In [1]:
import tensorflow as tf
from tensorflow.keras.applications import ResNet50, EfficientNetB7
from tensorflow.keras.models import Model
import tensorflow.keras.layers as L
from google.colab import drive
from tensorflow.keras.optimizers import Adam
from sklearn.utils.class_weight import compute_class_weight
import pathlib
import zipfile
import os
import cv2
import numpy as np
import pandas as pd
import matplotlib.pyplot as plt
import os
from sklearn.metrics import classification_report
import random
from tensorflow.keras.regularizers import l2
from tensorflow.keras.callbacks import EarlyStopping

In [2]:
drive.mount("/content/drive")

Mounted at /content/drive


In [5]:
zip_folder = "/content/drive/MyDrive"

zip_files = ["inpainting.zip", "insight.zip", "text2img.zip", "wiki.zip"]
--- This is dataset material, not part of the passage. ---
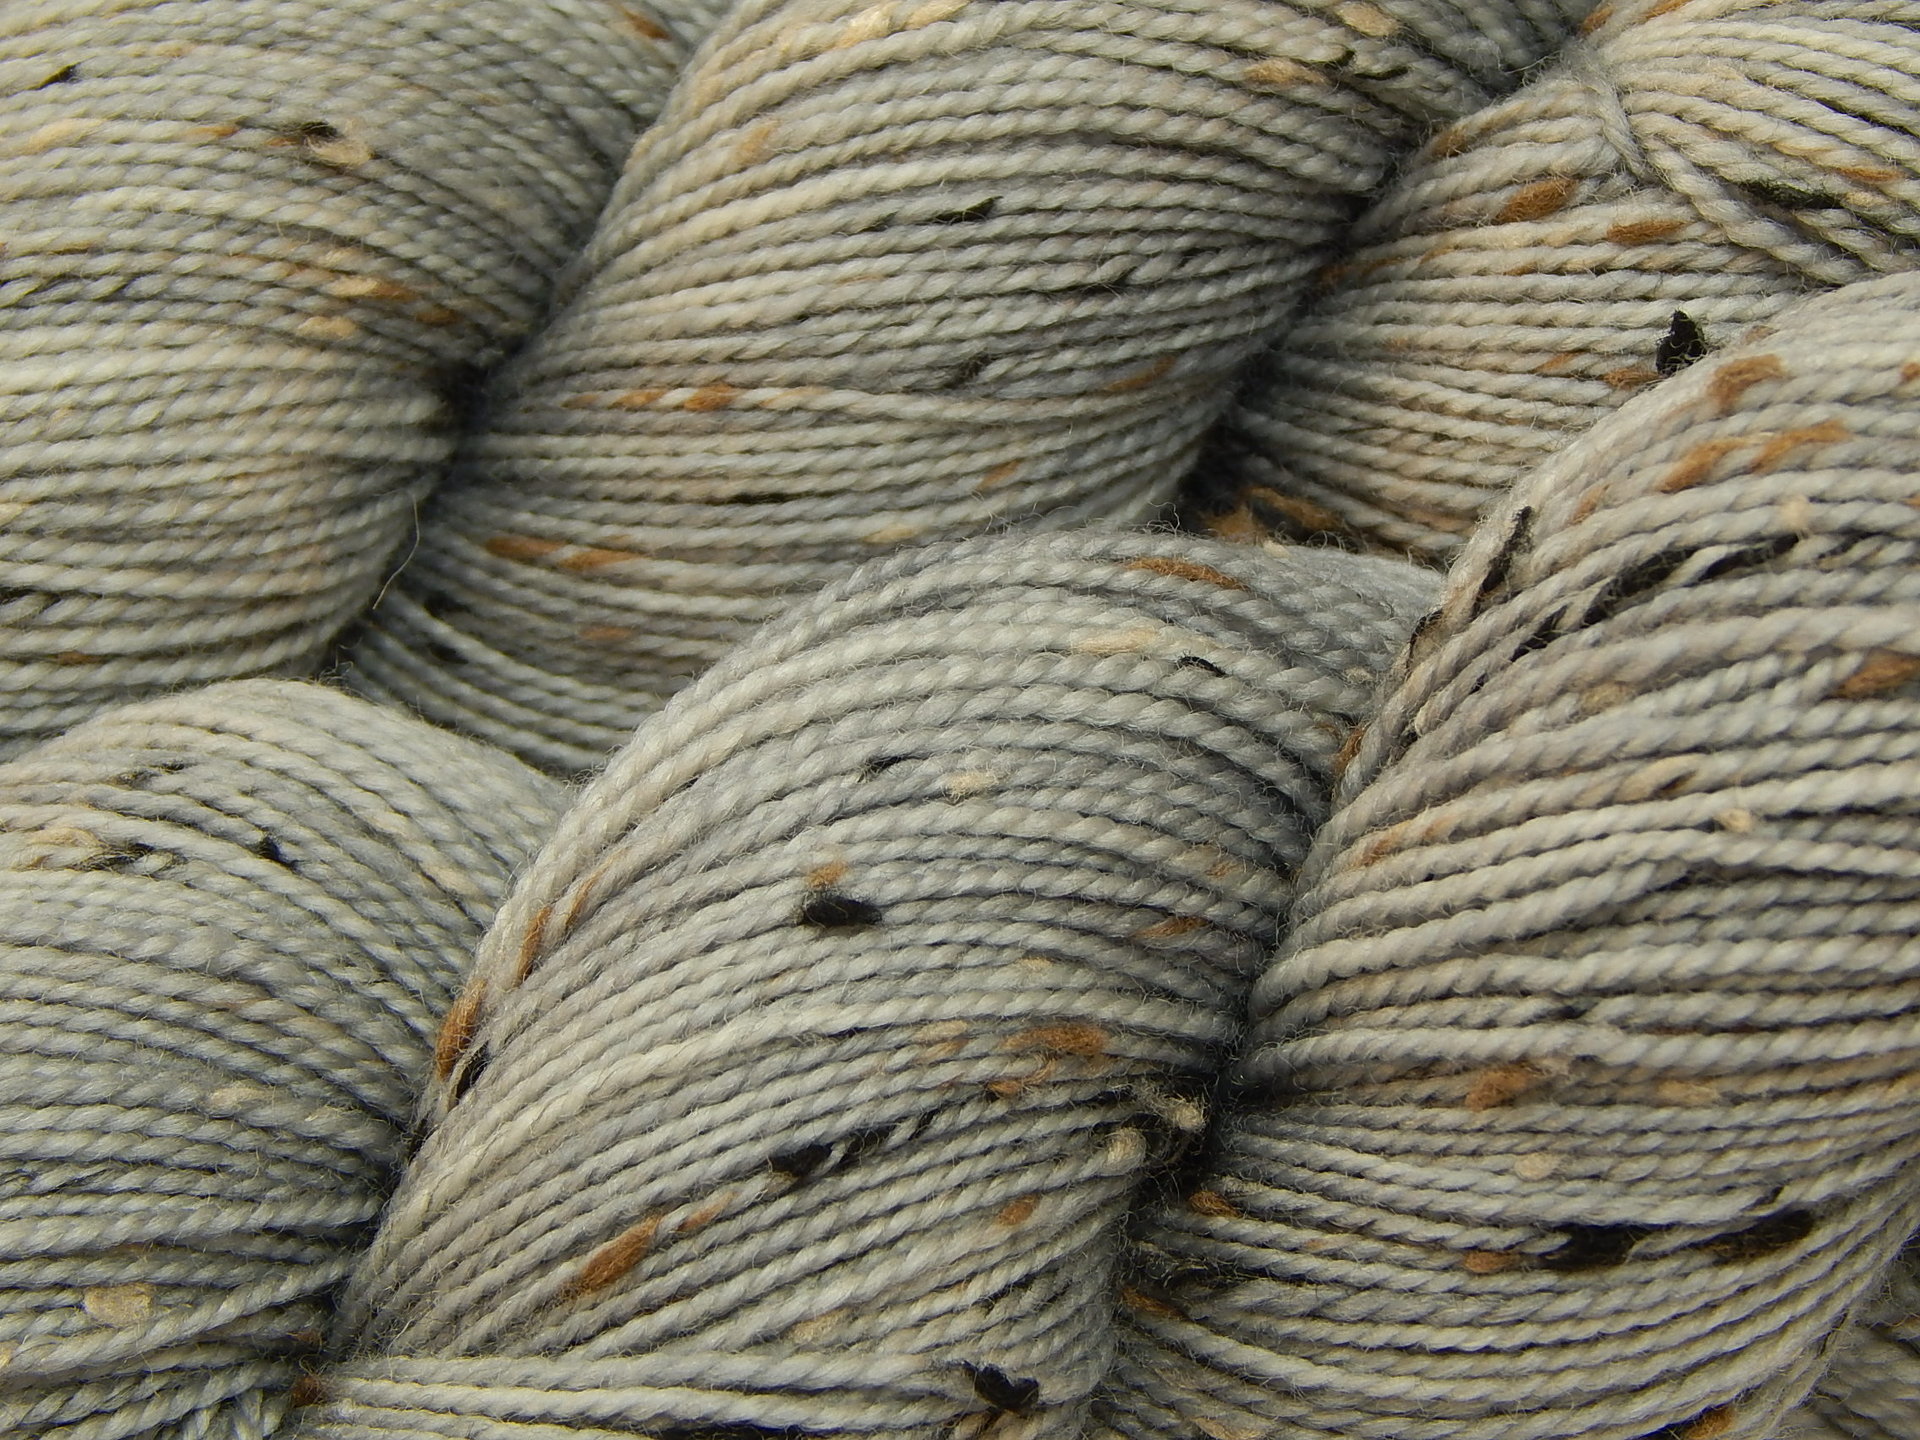 Hand Dyed Yarn, Tweed Fingering Weight Superwash Merino Wool Nylon - Silver Lining - Indie Dyer Knitting Yarn, Light Grey Gray Flecks Sock Yarn

extract_dir = "/content/extracted_data"

In [6]:
for file_name in zip_files:
    zip_path = os.path.join(zip_folder, file_name)

    try:
        with zipfile.ZipFile(zip_path, 'r') as zip_ref:
            zip_ref.extractall("extracted_data/")
            print(f"Extracted: {file_name}")
    except zipfile.BadZipFile:
        print(f"Error: {file_name} is not a valid zip file.")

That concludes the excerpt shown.